The main aspect of human trafficking in Pakistan is that of forced labor. Mainly in the provinces of Sindh and Punjab, working in brick kilns, carpet, agriculture, fisheries, mining, leather tanning, and the production of glass bangles are mostly widespread. According to the report, the estimates of victims of forced labor are very different, but along with those of forced marriages and women who are traded to settle disputes among tribal groups or as a means of payment, are likely to exceed one million.

In a study in 2003, the NGO Pakistan Institute of Labour Education and Research, based in Karachi, reported that more than half a million people were forced to work in brick kilns. The Pakistani National Coalition Against Bonded Labour, composed of a group of local NGOs, describes the phenomenon as "one of the last known forms of contemporary slavery responsible for this condition experienced by millions of people around the world". Apart from paying the debt, parents are selling, or looking to sell their children for other reasons. In the town of Vehari, in southern Punjab, women were seen in the streets, whose husbands were drug addicts, and were trying to sell their children because they were not able to feed them, hoping they could have a better life. Or, again in Vehari, children put up for sale in order to allow their mother a transplant.

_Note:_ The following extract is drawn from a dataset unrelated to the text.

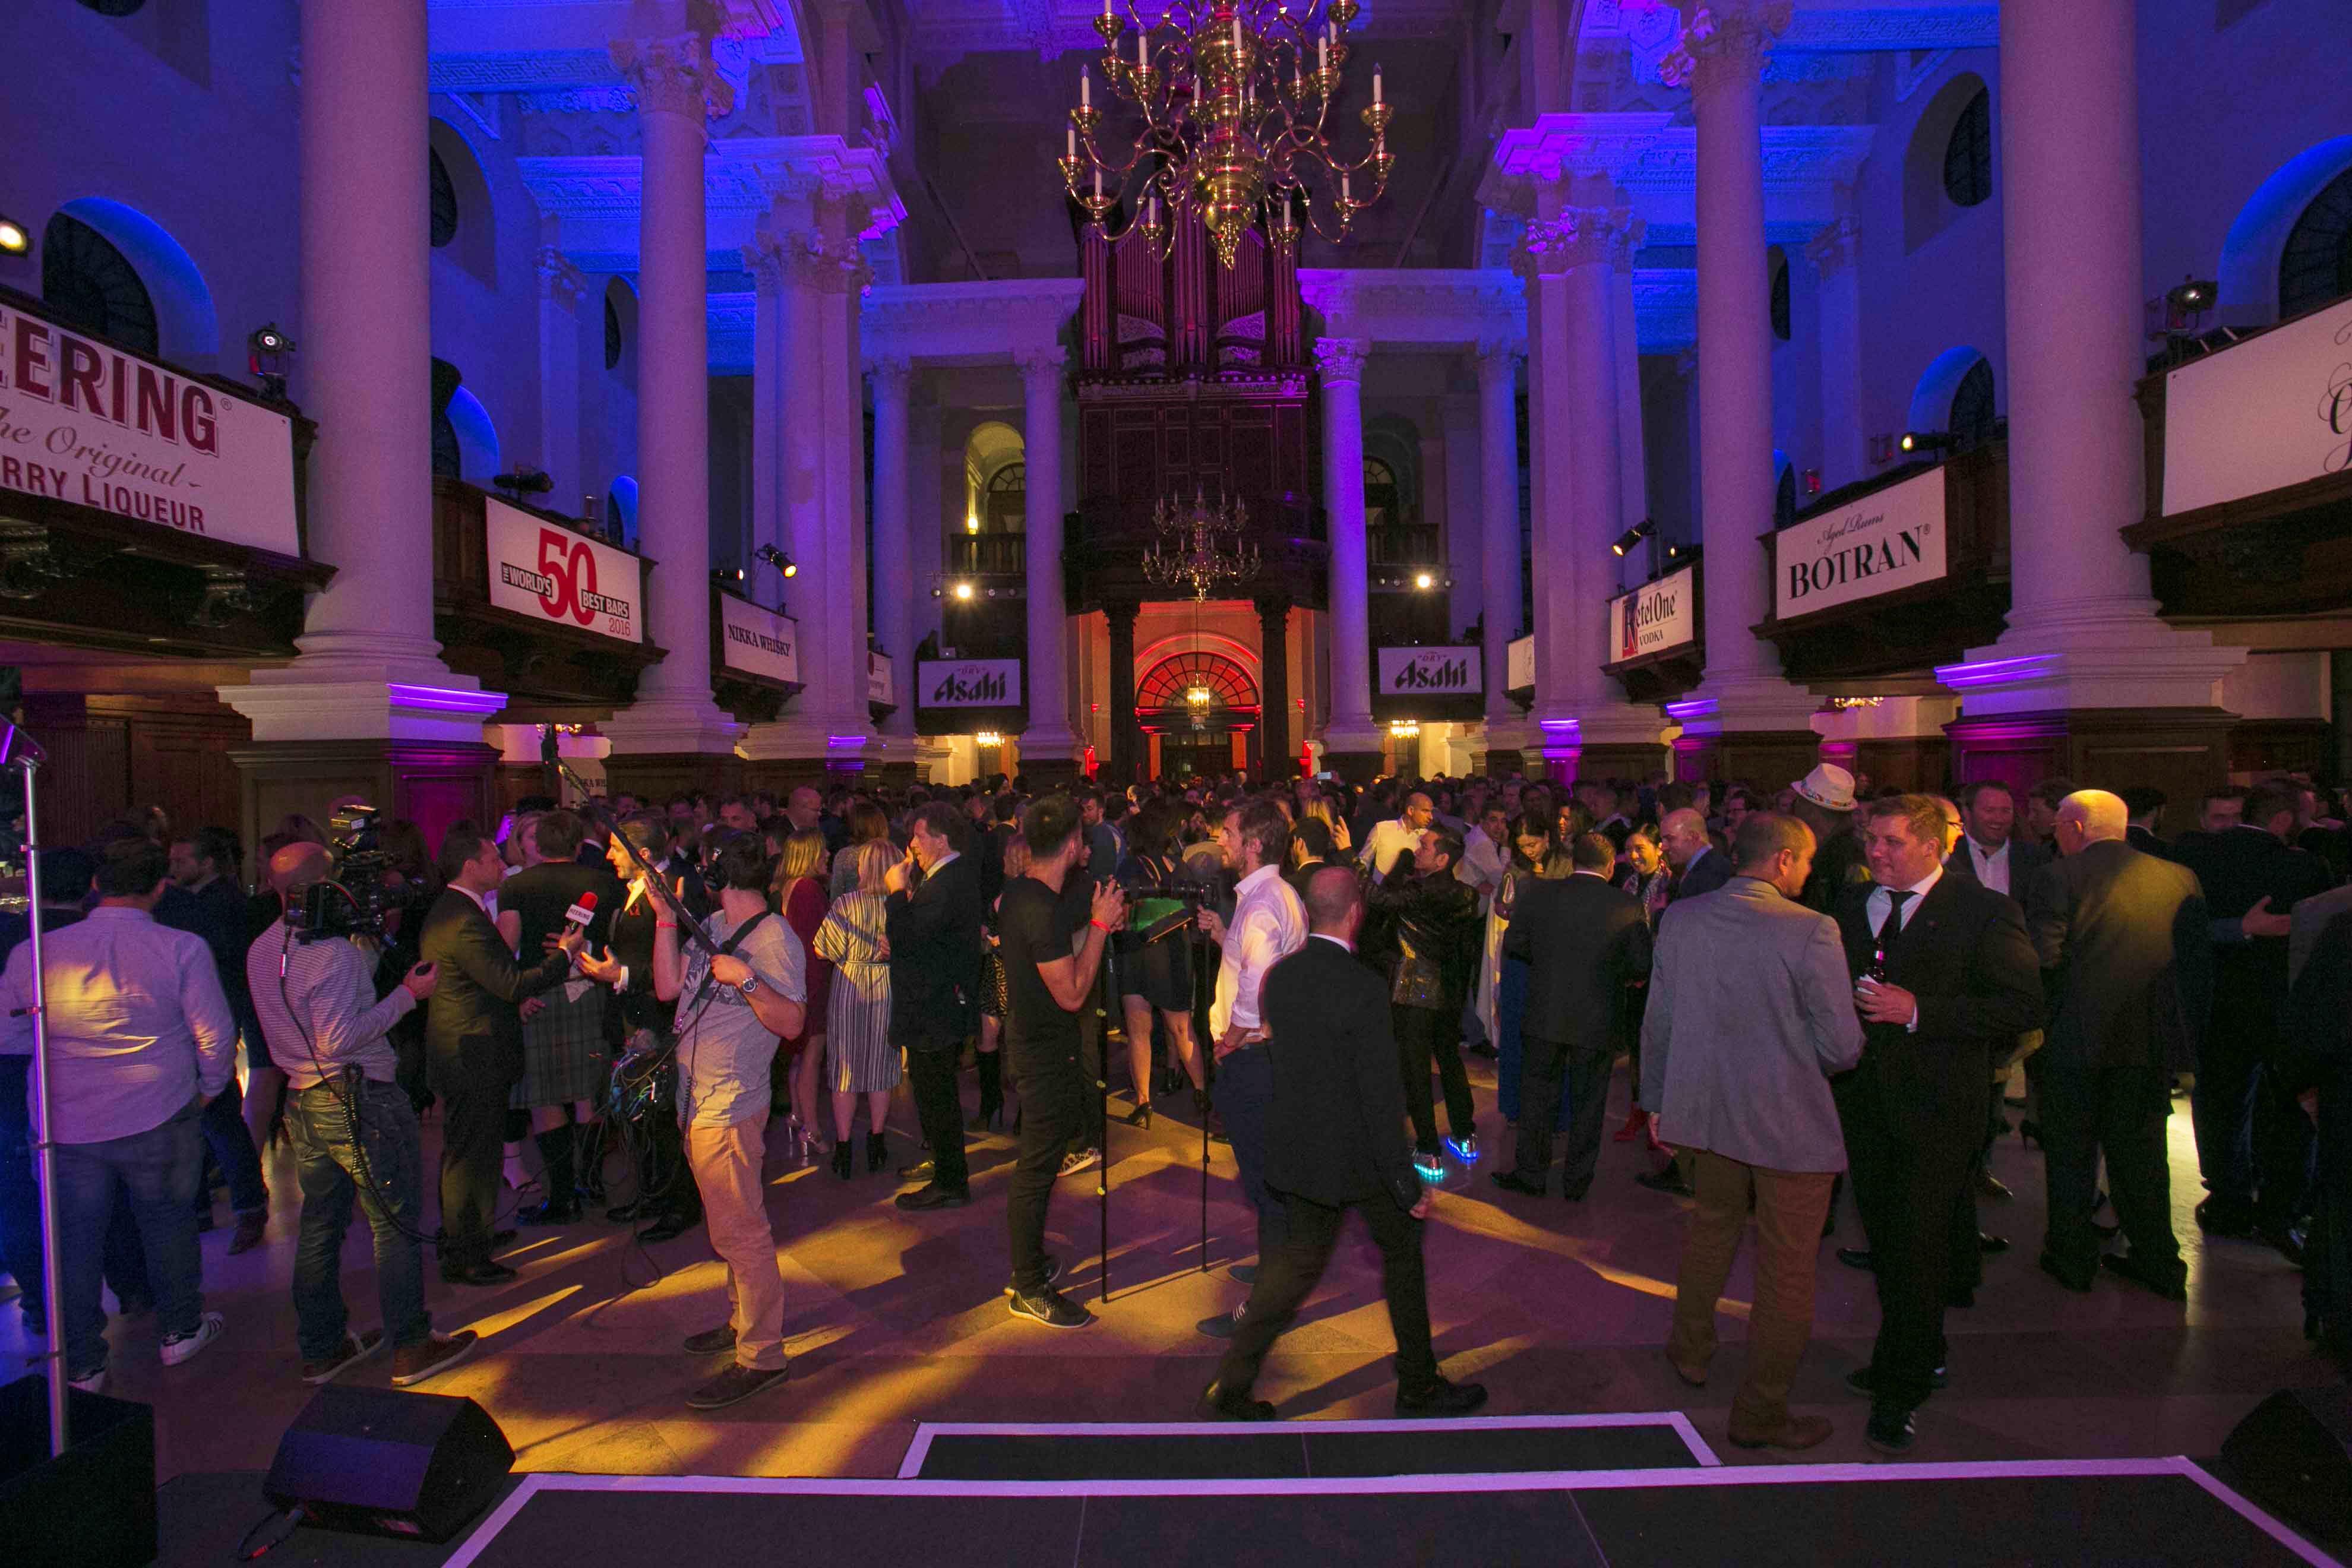 Einblick in das Event World's 50 Best Bars 2017
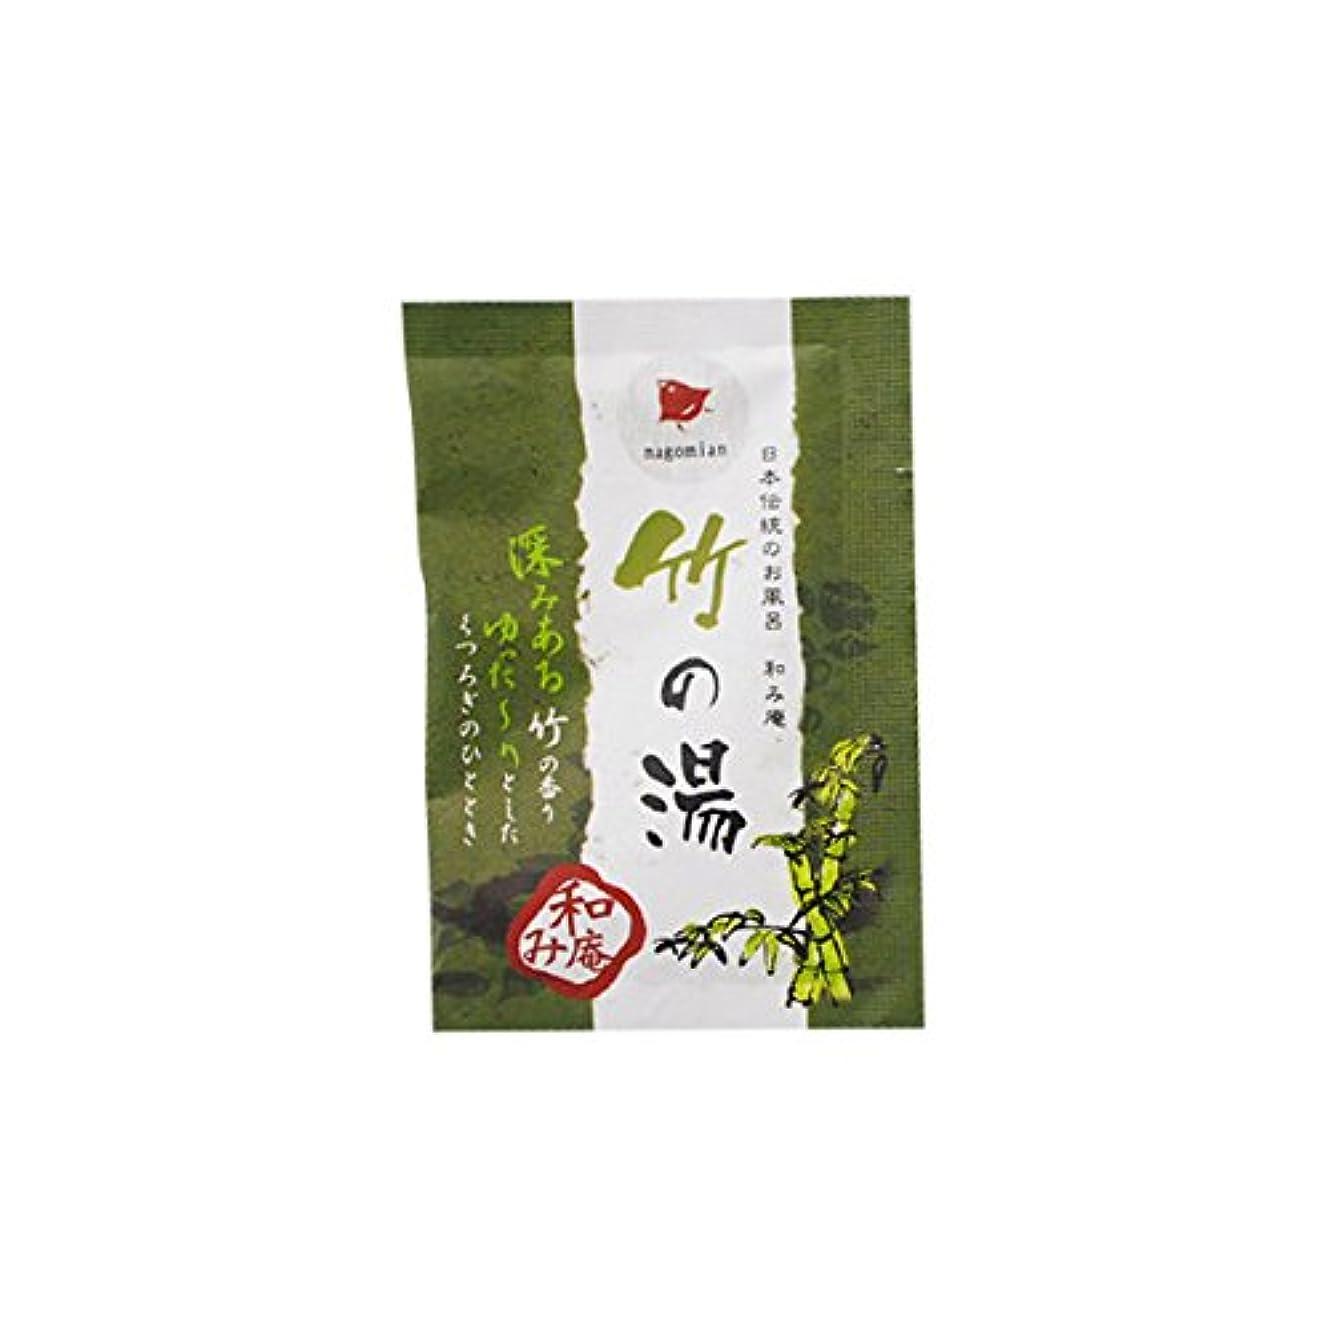 和み庵 入浴剤 「竹の湯」30個

In a recent report, the Asian Development Bank has highlighted the fact that since the beginning of 2011, the cost of food has increased by 10% reducing 6.94 million Pakistanis to poverty. The prices are too high, the wheat has increased by 10% and rice by 13.1%, and people cannot afford to provide their children even just one meal a day. In Quetta, capital of Balochistan province, two parents have sold a child for a bag of wheat flour. According to a member of the district of Vehari a strategy to create a social safety net for the poor, creating employment and controlling inflation is of fundamental importance.